That she has an inability is not fair nor unfair; it simply is. That you chose
to criminalize her decision to have children via this procedure is a choice,
and in my opinion, it's unfair since it discriminates people and for no good
reason.

I'm a fat, lazy slob, and I'm allowed to have children, and she isn't? That's
simply wrong.

 _Clearly being unfair is allowed as you said "assuming she can afford it",
why should financial ability trump biological suitability? That doesn't seem
fair nor sensible._

Who says it should trump? As far as I'm concerned neither should be restricted
from having children. You're the only one arguing for restrictions.

The idea of financial ability was merely to say that my position doesn't
require others to pay for it.

 _Use your shower water to water your lawn, make sure you 're washing without
chemicals that are going to cause a detrimental impact on flora, waterlife,
groundwater and such._

What "chemicals"? It's just a child like any other. We have no reason to
believe it's more harmful than mine or yours. If she should prevented from
having them, on what grounds shouldn't we prevented everyone else?

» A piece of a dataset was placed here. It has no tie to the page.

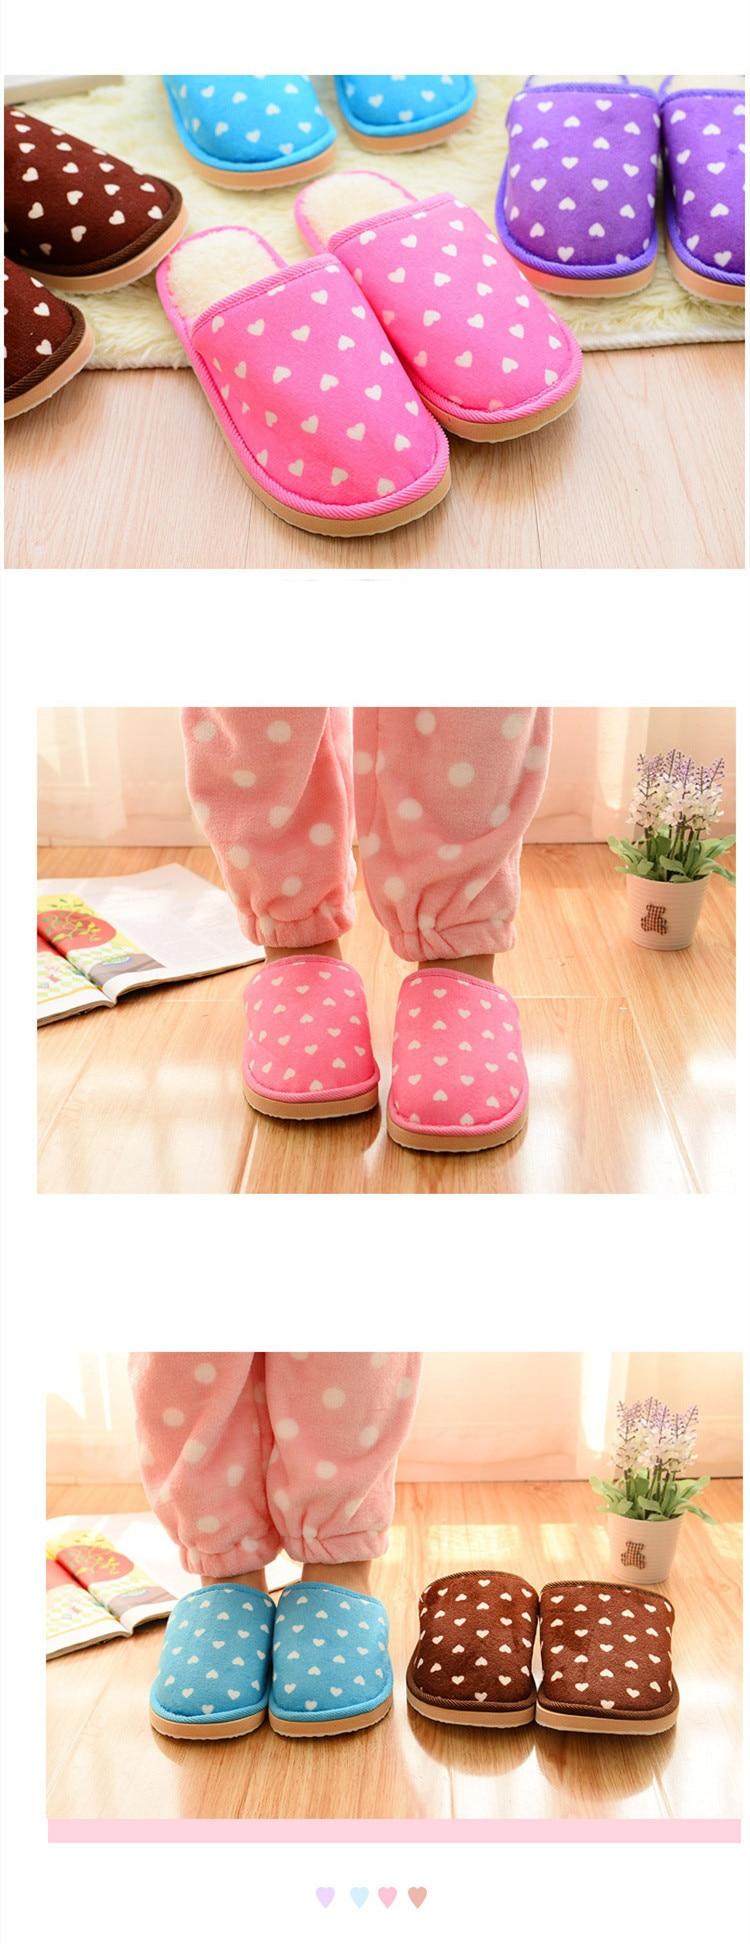 HTB18MOjaLb2gK0jSZK9q6yEgFXal Inverno Mulheres Quentes Chinelos Em Casa Coberta de Coração-em forma de EVA Leve Feminino Sapatos de Pelúcia Macia Casa Quarto Flip Flops Unisex

 _To use your analogy I 'd say choosing to enable_

Ah, but that's the thing. You view this as "choosing to enable". But nobody is
asking you to enable anything; just to not throw people who decide to have the
procedure done in prison (or fining them or whatever).

------
reqres
Perhaps an expert could weigh in here, because I don't really understand the
controversy.

The "third parent" provides mitochondria which, by my understanding, doesn't
affect the genetic makeup of the baby. In other words, the parents' genes
which form the nucleus are intact and unmodified. Isn't this more akin to
receiving an organ transplant than genetic manipulation/selection? Or am I
missing the point here.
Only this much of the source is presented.